Wat is de betekenis van Katijvig?

2024-04-20
Woordenboek van Populair Taalgebruik

Marc De Coster (2020-2024)

katijvig

(17e eeuw) (Barg.) ellendig, ongelukkig, beroerd, armzalig. 'Wat een katijvig leven.' • Dit [is] mijn troost in mijn katijvig leven: dijn woord heeft mij we'er levendig gemaakt. (De Psalmen des Propheeten Davids, in't Hebreeuz genaamd het lof-bouk: bij den propheet verdeeld in vijf bouken. 1624) • O katijvig mensch! van elk verfoeyt,...

2024-04-20
De vreemde woorden

Fokko Bos, Dr. O. Noordenbos (1955)

Katijvig

(Barg.) ellendig, ongelukkig.

2024-04-20
Groot woordenboek der Nederlandse taal

Van Dale Uitgevers (1950)

Katijvig

bn. bw. (-er, -st), (veroud., gew., meest Zuidn.) 1. rampspoedig, vol tegenspoed, ellendig, ongelukkig, armzalig; 2. kouwelijk; 3. ziekelijk, zwak.

2024-04-20
Woordenboek voor praktische kennis

Dr. L.M. Metz (1937)

Katijvig

Ziekelijk, sukkelend, krukkerig. (Fr.: chétif). Nietig. Ons katijvig bestaan. Ons katijvig leven. Van gewassen : schraal, armoedig.Van het weer: guur. In Gelderland spreekt men van een katijvige (katlijvige) koe bij verzakking van de scheede.
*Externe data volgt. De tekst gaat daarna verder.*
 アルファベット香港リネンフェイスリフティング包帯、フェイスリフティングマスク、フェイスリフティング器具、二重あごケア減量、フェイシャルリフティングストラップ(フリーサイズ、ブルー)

Katlijvigheid is een koopvernietigend gebrek, Omdat men het alleen waarneemt, wanneer het dier ligt...

2024-04-20
De vreemde woorden

Fokko Bos (1914)

katijvig

katijvig - (argot) ellendig, ongelukkig.

2024-04-20
Groot woordenboek der Nederlandsche taal

J.H. van Dale (1898)

Katijvig

bn. bw. (-er, -st), rampspoedig, vol tegenspoed, ellendig, ongelukkig; (gew.) kouwelijk. KATIJVIGIIEID, v. tegenspoed, geringheid; nietigheid; (gew.) kouwelijkheid.

2024-04-20
Nieuw woordenboek der Nederlandsche taal

I.M. Calisch (1864)

Katijvig

Katijvig, bn. en bijw. ramspoedig, vol tegenspoed. *-HEID, v. tegenspoed, geringheid, nietigheid.